Johann Adam Woldemar Pruss (1875–1935) was a Russian military doctor of Latvian and Lithuanian origin. He served in the Grand Duchy of Finland, headed the Helsinki Military Hospital and took part in the Russian Civil War as a member of the White Army.

He was born in a German-speaking Lutheran family of Baltic origin in Viciebsk, Russian Empire. His father, Heinrich Adolph Pruss, was a Prussian Lithuanian from Skomentnen, Lyck District, East Prussia, where his father Carl Pruss worked as a teacher and ran an insurance company. He immigrated to what is now Belarus and worked as a railway station master. Woldemar Pruss's mother Anna Elizabete Priede was Latvian, her father Kārlis Vilhelms Priede was a boatswain in Riga.

Pruss was the oldest of 13 siblings, 8 of whom survived infancy.
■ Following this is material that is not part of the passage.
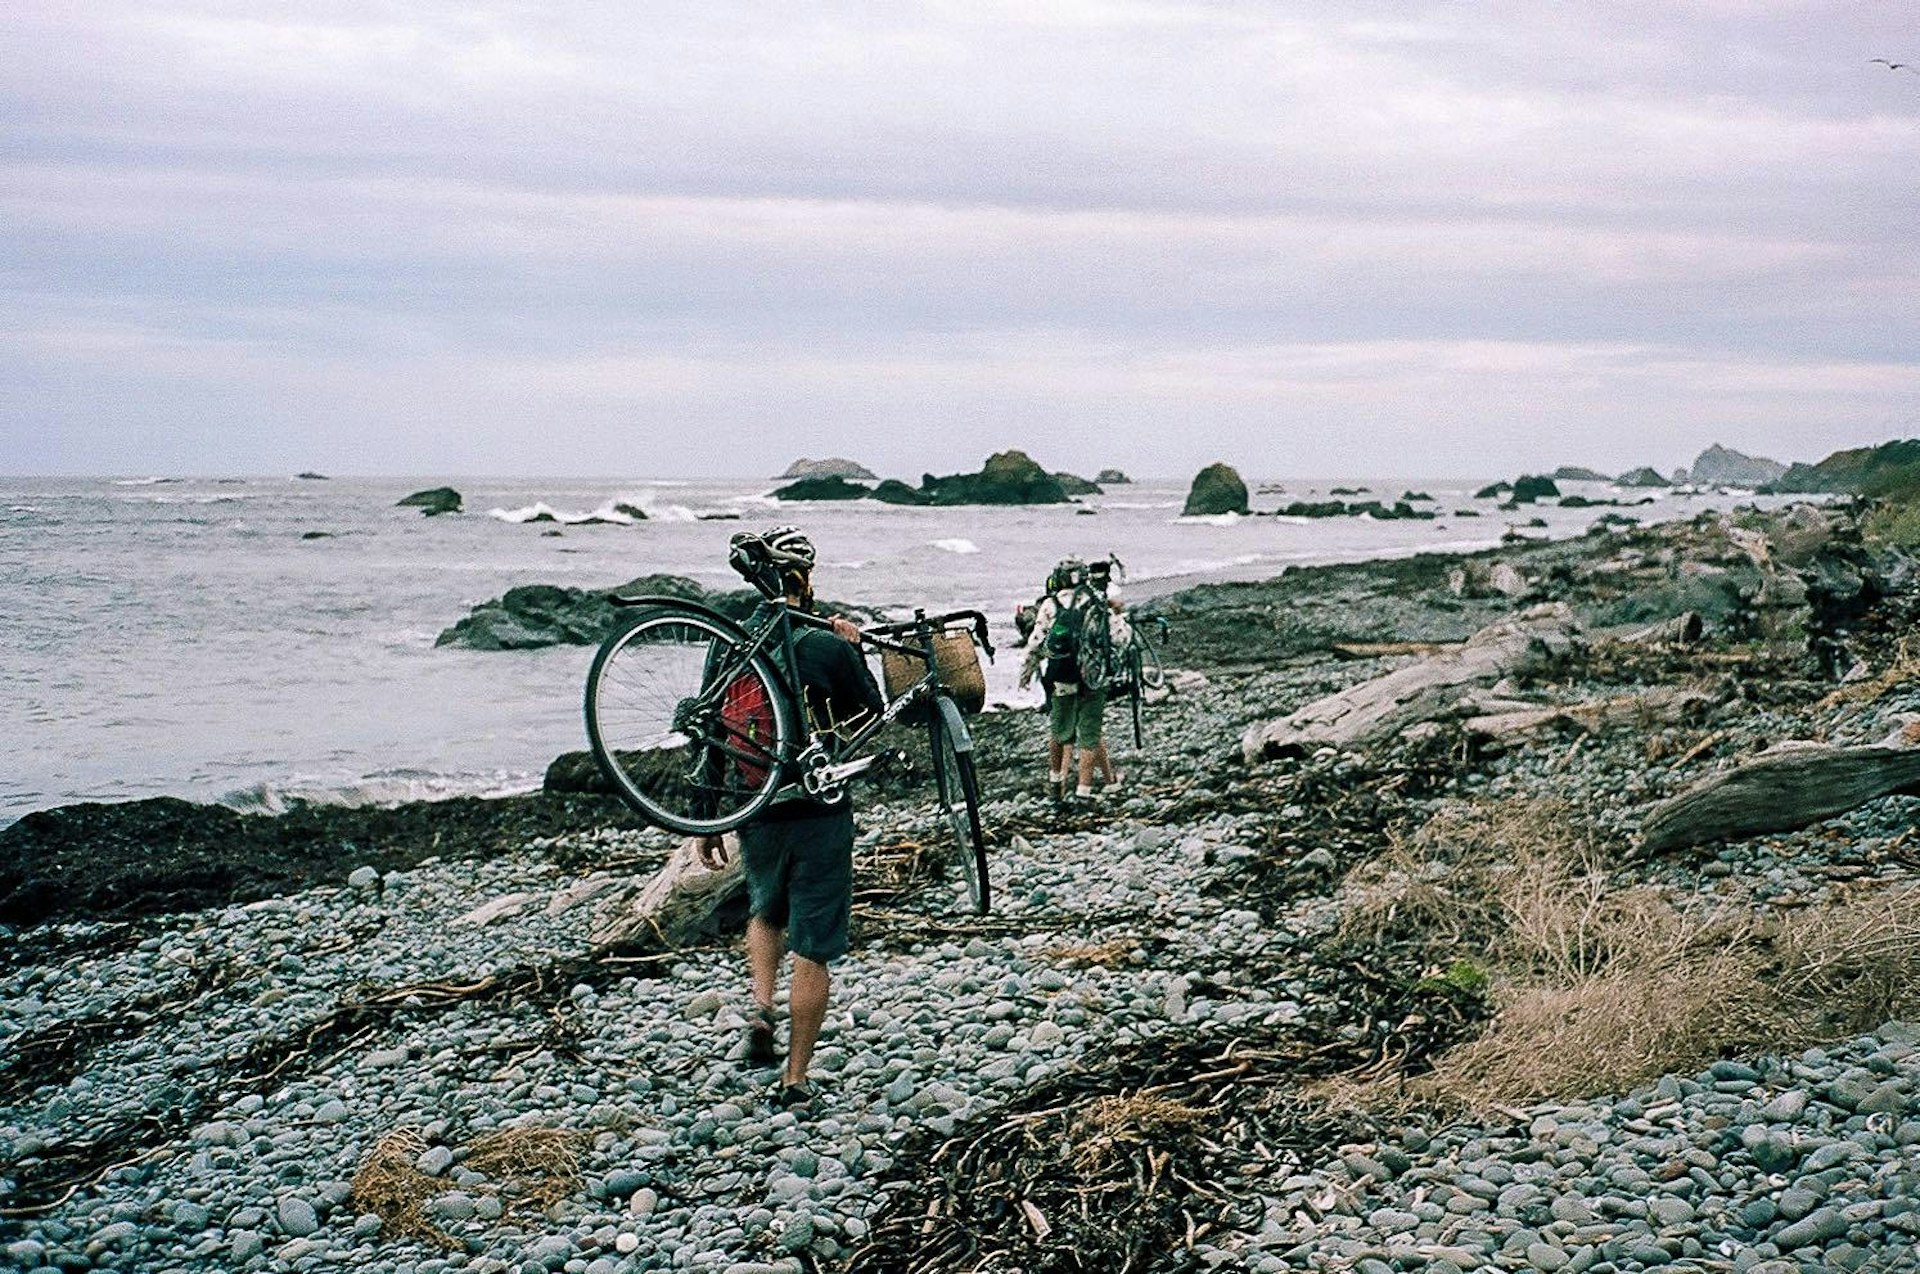 In Pictures: Epic bike journey down the Pacific Coast, from Vancouver to San Diego

After graduating from a classical gymnasium in Viciebsk in 1893, he studied at the Imperial Military Medical Academy in Saint Petersburg until 1899. Between the years 1899 and 1904, he served as a military doctor in Płock, Viciebsk and Barysaw. In 1904, he was sent to the Russo-Japanese War and served in Port Arthur.

Shortly after the end of the war, he went to Saint Petersburg, where he met and soon married Charlotte von Morr, daughter of Jacob Morr, a pedagogue of Baltic German and Latvian ancestry who later headed the Tsarskoye Selo Gymnasium.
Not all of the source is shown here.